Whether it’s with Paul Simon, who first brought the a capella group to worldwide attention on the “Graceland” disc and tour, with harp player Andreas Vollenweider, or performing alongside an orchestra as on “No Boundaries,” their latest recording, the 10 member-group has created a sound and identity like no other.
That’s been recognized by audiences worldwide, as well as by the critics. As proof, the group just won the Grammy for Best Traditional World Music Album, their second Grammy, for “Raise Your Spirit Higher.”
“We are so grateful and proud to have been awarded the Grammy Award. It’s a humbling moment,” said group leader Joseph Shabalala, the founder of the world-renowned Zulu singing group. “The members of Ladysmith Black Mambazo and I accept this award, not just as recognition for our songs, but for our culture, our people and our country.”
It’s that attitude and spirit which pervades their music. Singer Albert Mazibuko, who’s shared the stage alongside his cousin for more than 30 years, exhibits the same gentleness and yearning for peace.
“We want to encourage people to work together,” Mazibuko said. “The music is South Africa striving for peace. If we sing of peace it will come out.”

DEATH IN THE FAMILY
That message of peace has been hard won.
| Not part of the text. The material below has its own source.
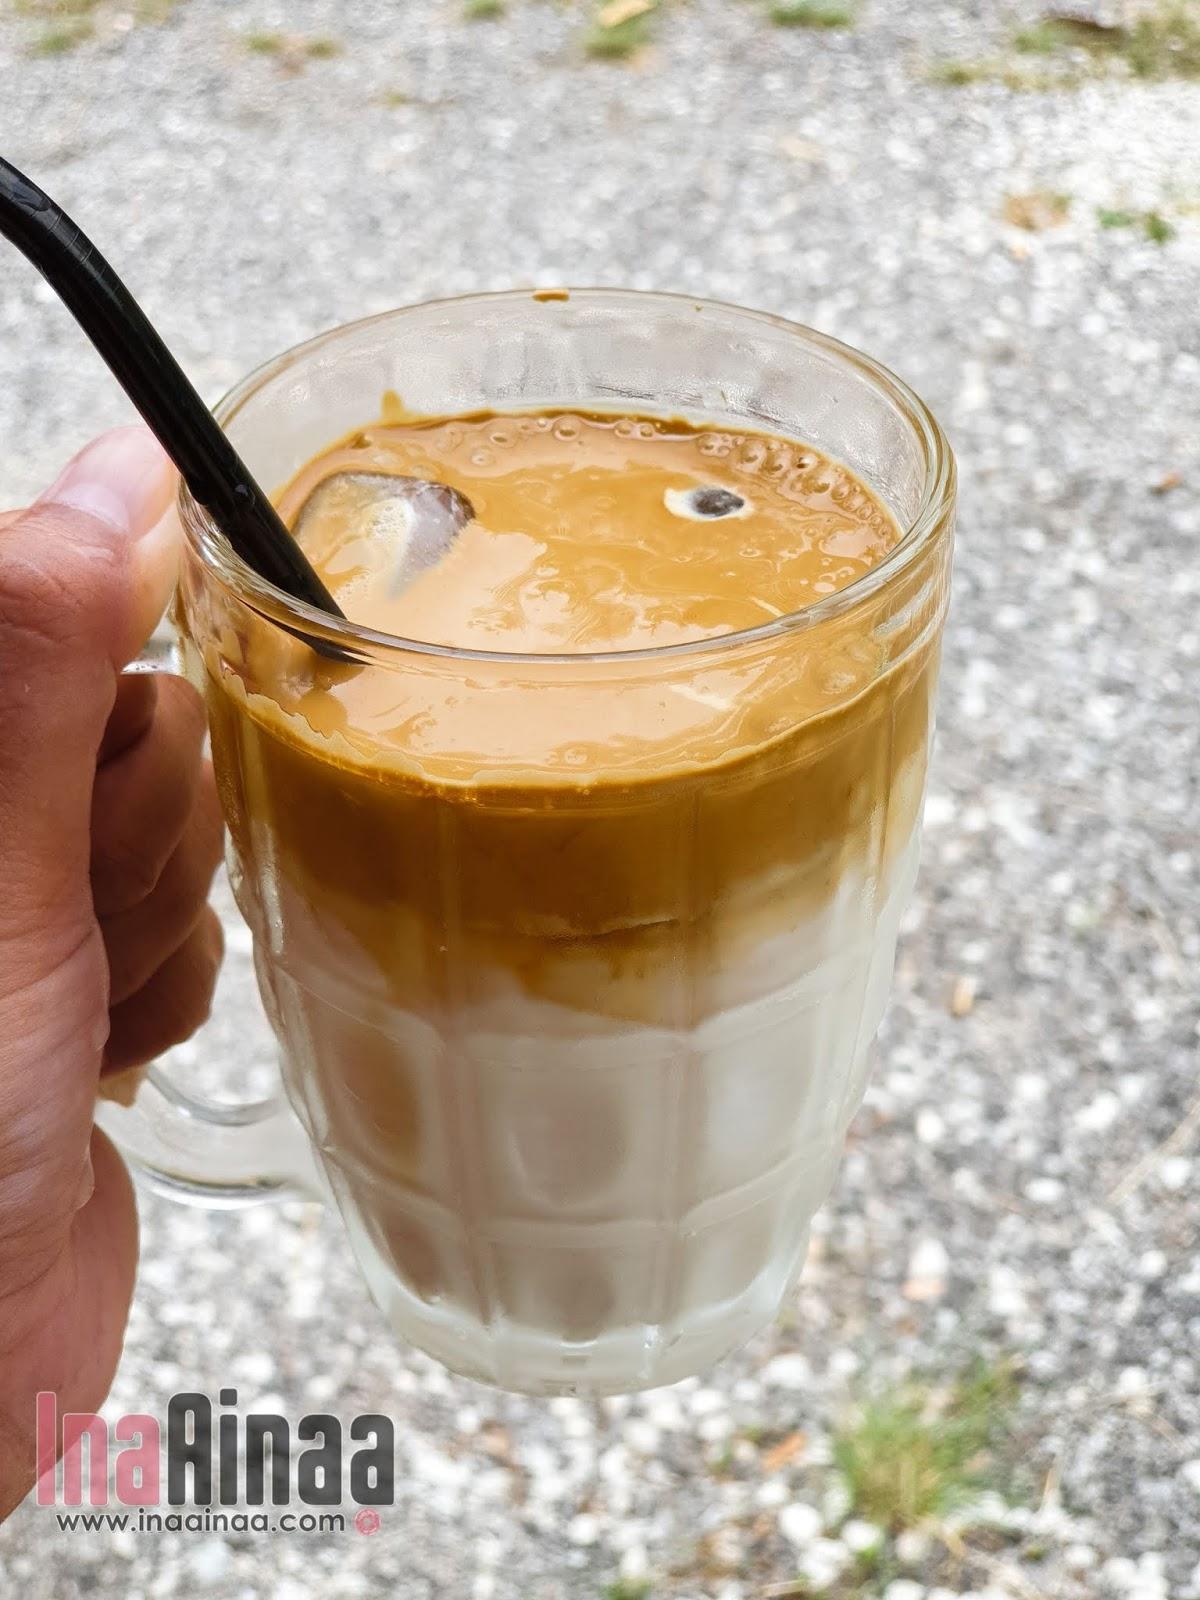 RESEPI DALGONA COFFEE - Hak Milik Ina Ainaa

The group lived under the shadow of apartheid in its native country until the election of Nelson Mandela just a decade ago.
More recently, Shabalala’s wife Nellie was murdered by a masked gunman outside their church in South Africa in 2002. And last year, Shabalala’s brother Ben, a member of the group during the Paul Simon “Graceland” era, was shot and killed in Durban.
Despite these tragedies, the group remains committed to its message of peace and harmony.
Ladysmith has sung with numerous artists of all stripes: Stevie Wonder, Dolly Parton, the Corrs and others.
“It’s amazing. It’s so good to sing with all these people,” said Mazibuko. “It creates different feelings when you sing with different people. Music is a gift. When we come together we become one. It’s necessary.”
But his favorite remains the album and tour which brought Ladysmith Black Mamabazo and South African music in general to the attention of the U.S.
“My favorite is Paul Simon,” he said with a smile in his voice. “That tour stands out with me. It was so wonderful, and a great breakthrough.”
Mazibuko said the audience at Interlochen will hear a mix of the group’s music, including songs from “Raise Your Spirit Higher” and “No Boundaries” as well as numerous other songs from throughout the group’s history.
“We’re just bringing in some of the new material,” he said. “People can connect young and old. The young are innovative, the old have wisdom. You bring that together and it makes our world a peaceful place.
“That’s what we want to share with our audience.”